이렇게 두 방법은 조금씩 다르지만, 기본적으로 self-supervised 접근법들은 모두 appearance나 material properties에 대한 가정에 의존하므로, 이를 잘 설계해주는 것이 중요하다.

왜냐하면 input image set 사이에서 appearance나 material properties 정보를 잘 matching 시킬 수 있어야 image 사이의 disparity를 잘 구할 수 있고, 이를 통해서 depth를 잘 estimate할 수 있기 때문이다.

본 연구에서는 몇 가지 architectural/loss innovation을 통해 위의 두 접근법에 모두에 대한 성능을 크게 향상시켰다.
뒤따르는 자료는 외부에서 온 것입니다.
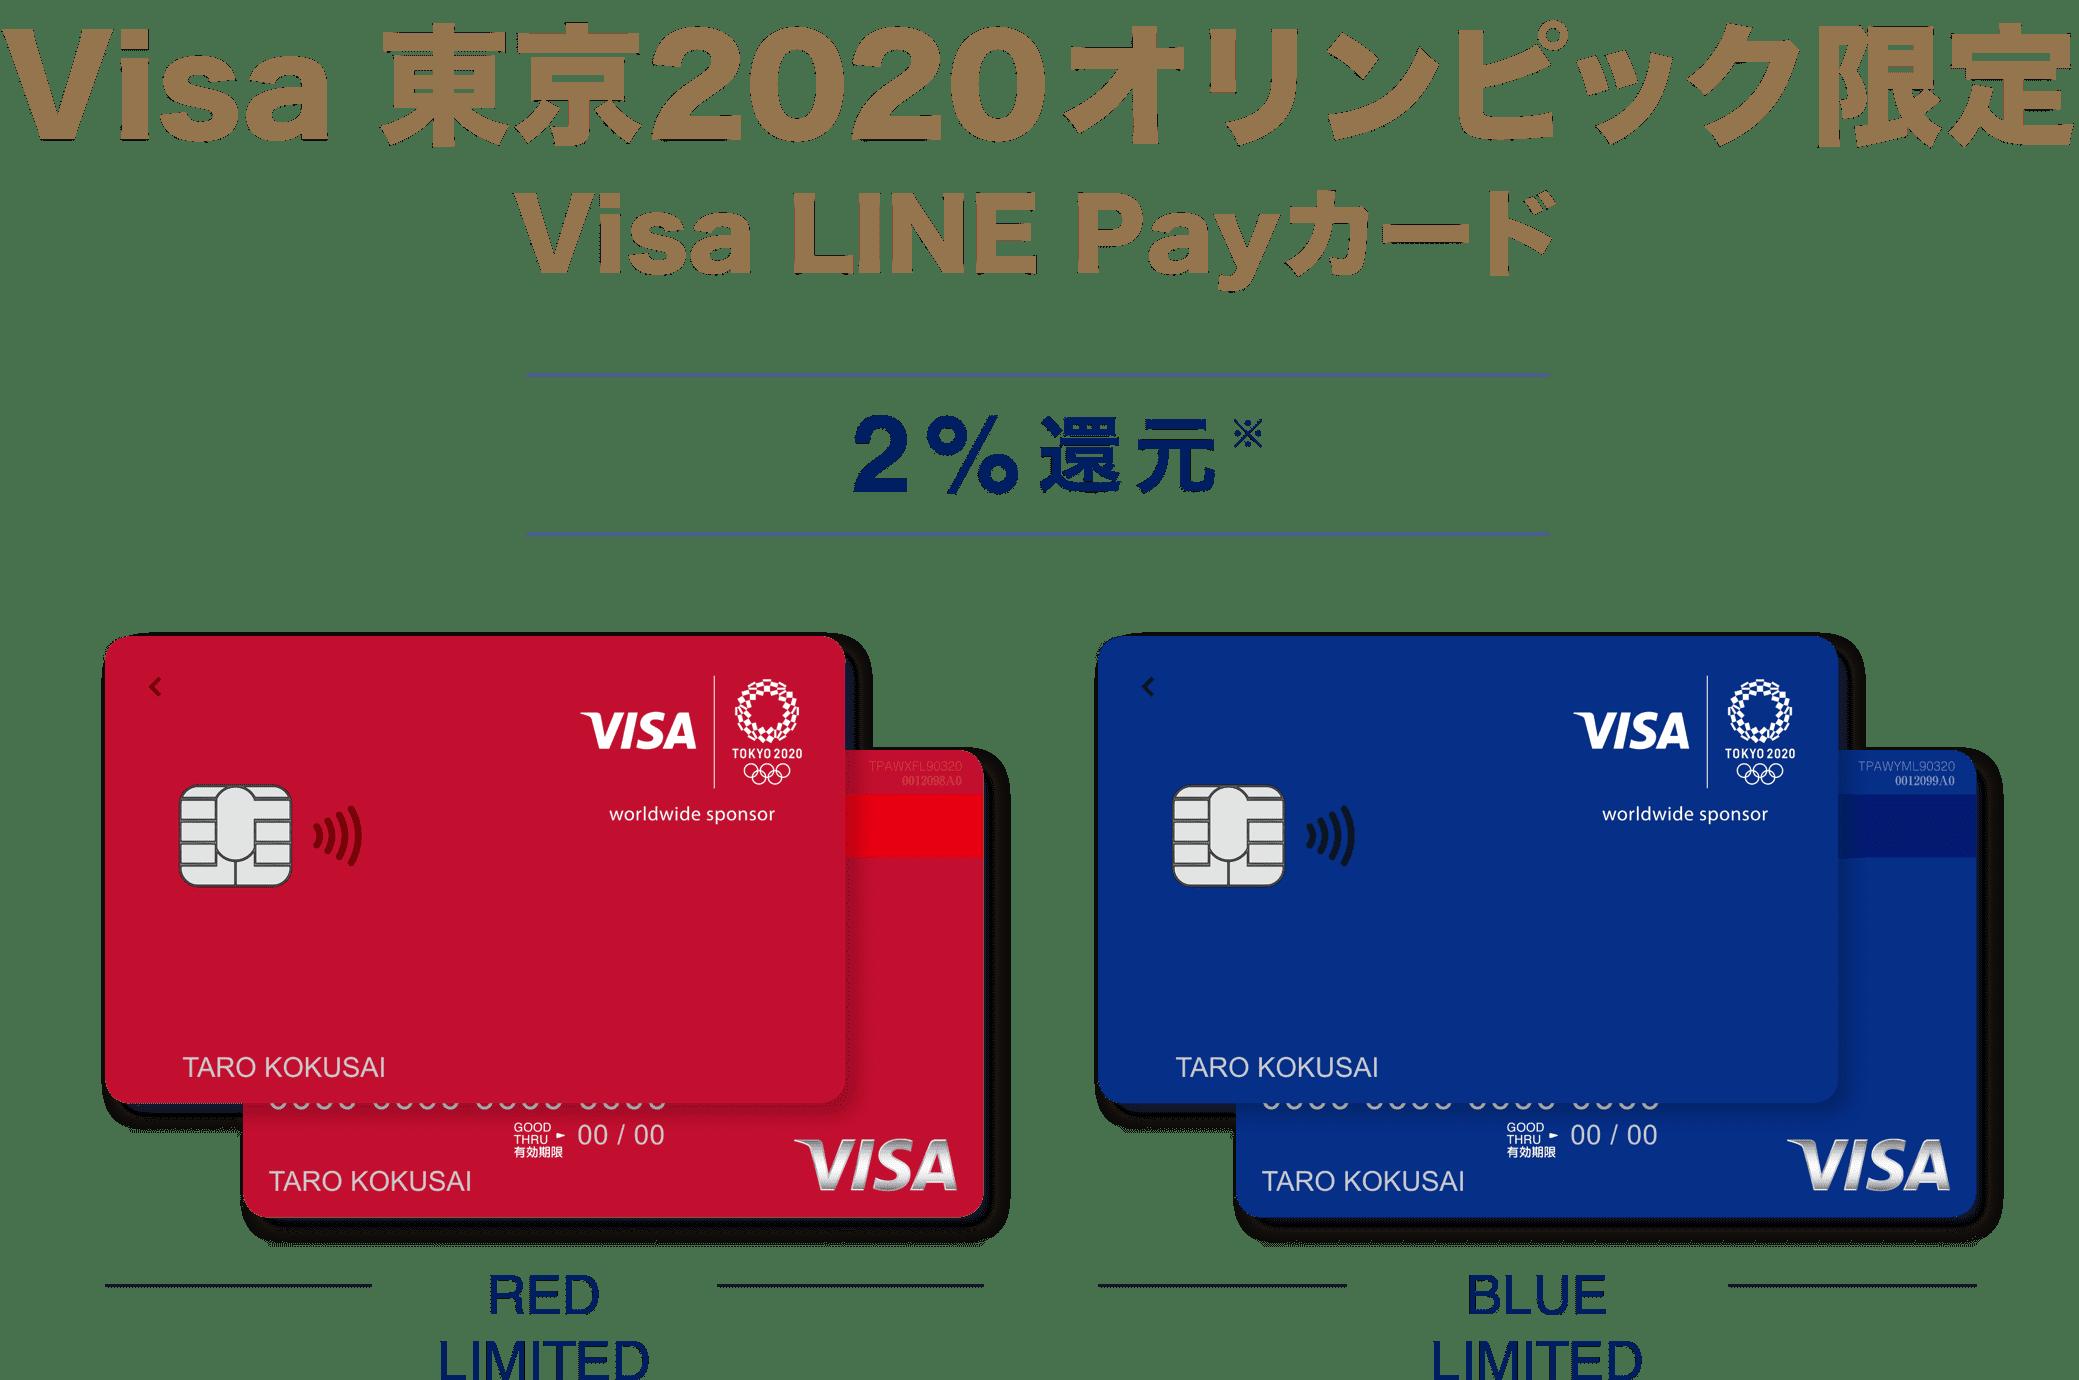 Visa 東京2020オリンピック限定 Visa LINE Payカード 2%還元※

Monocular supervision을 사용할 때 발생하는 occluded pixel의 문제를 해결하기 위한 appearance matching loss
상대적인 camera motion이 없을 때, 이를 필터링하기 위한 auto-masking approach
Depth artifact를 줄이기 위한 multi-scale appearance matching loss

Method

Self-Supervised Training

Self-supervised depth estimation은 하나의 viewpoint의 이미지로부터 또다른 viewpoint의 이미지를 예측하는 일종의 novel view-synthesis 문제로 생각할 수 있다.

특히, network로 하여금 intermediary variable인 depth나 disparity를 사용하여 image synthesis를 수행하게 제한함으로써, 간접적으로 모델으로부터 depth 정보를 추출해낼 수 있게 되는 것이다.

Monodepth 2에서도 다른 view point로의 photometric reprojection error를 최소화하는 것을 목표로 네트워크를 학습한다.

즉, 각 source view image $I_{t'}$ 를 target image $I_t$ 로 최대한 비슷하게 synthesize하도록 학습하는 것이다.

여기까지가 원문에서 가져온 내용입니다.